Svetozar Freiherr Boroevic von Bojna

    Aus Lexikon Erster Weltkrieg

    österreichisch-ungarischer Feldmarschall; * 13. Dezember 1856 Umetic , † 23. Mai 1920 Klagenfurt

    Svetozar Freiherr Boroevic von Bojna
    General Boroevic mit den Offizieren seines Stabs

    Kadettenschule Liebenau; 1878 Teilnahme an der Bosnien-Offensive und der Besetzung von Sarajevo; 1887-91 Dozent an der Militärakademie der Wiener Neustadt; 1895 Ernennung zum Oberstleutnant; 1898-1904 Kommandos über die 19., 18. und 27. Infanteriedivision sowie das 8. Korps in Prag; 1904 Befehl über die 14. Infanteriebrigade und Ernennung zum Generalmajor; 1905 Erhebung in den Adelsstand; 1909 Übernahme des Kommandos über das 6. Korps in Kassa; 1913 Ernennung zum k. u. k.-Geheimen Rat; 1913 Beförderung zum General der Infanterie.
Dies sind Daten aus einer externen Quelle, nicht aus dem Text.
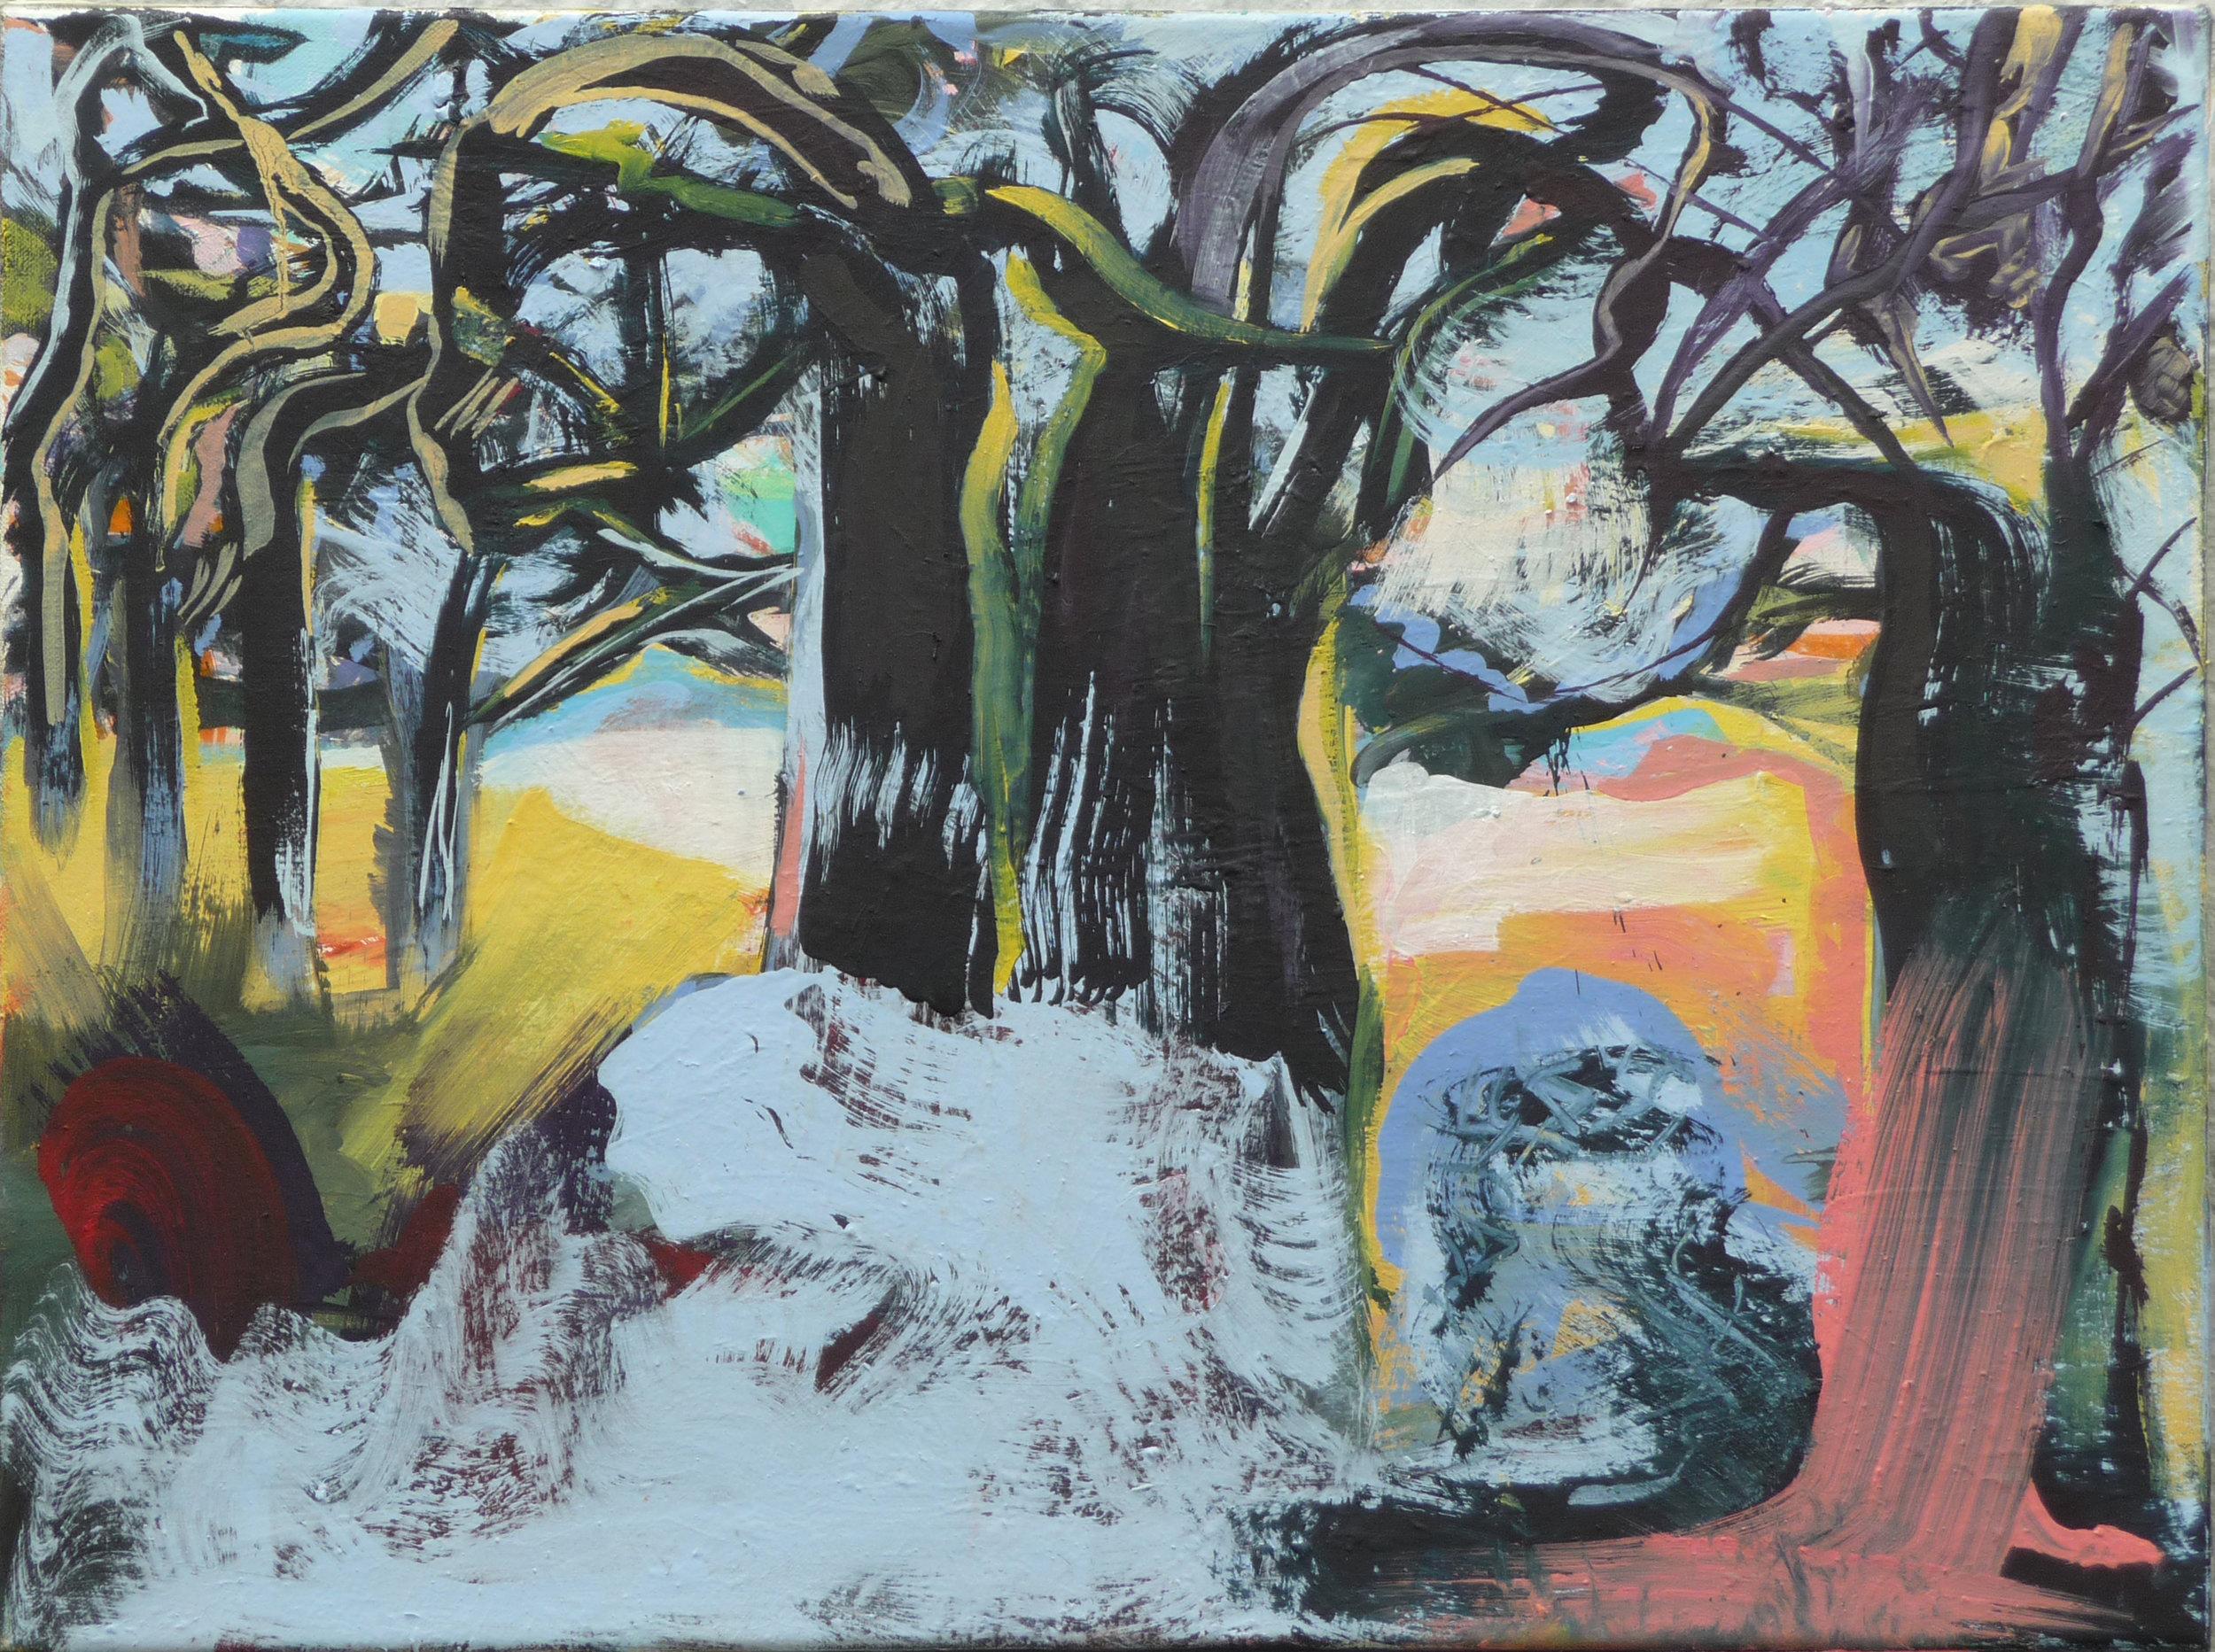 Image iV, oil on canvas, 70 x 90 cm

    Bei Kriegsbeginn befehligte Boroevic von Bojna das 51. Infanterieregiment, das Moritz Freiherr von Auffenbergs 4. Armee angegliedert und in Galizien eingesetzt wurde. Im Winter 1914/15 wurde ihm der Auftrag erteilt, mit der 3. Armee die Pässe in den Karpaten zu sichern und die Tarnow-Offensive zu unterstützen. Im Mai 1915 übernahm Boroevic von Bojna das Kommando über die 5. Armee (später Isonzo-Armee) an der slowenisch-italienischen Grenze, mit der er an allen Schlachten der Isonzo-Front teilnahm, einschließlich der Schlacht von Caporetto, bei der es gelang, die Italiener bis an den Fluss Piave zurückzudrängen.

    1917 zum Generaloberst, im folgenden Jahr zum Generalfeldmarschall ernannt, wurde Boroevic von Bojna mit zahlreichen Ehrungen (darunter 1917 Orden Pour le Mérite) für sein außergewöhnliches strategisches Geschick ausgezeichnet. Das Angebot Boroevic von Bojnas im Jahr 1918, mit seinen Truppen die Aufstände in Wien niederzuschlagen, wurde vom Kaiser abgelehnt. Im Dezember nahm der Generalfeldmarschall seinen Abschied; Übersiedlung nach Jugoslawien, nach Kriegsende jedoch erzwungene Rückkehr nach Österreich.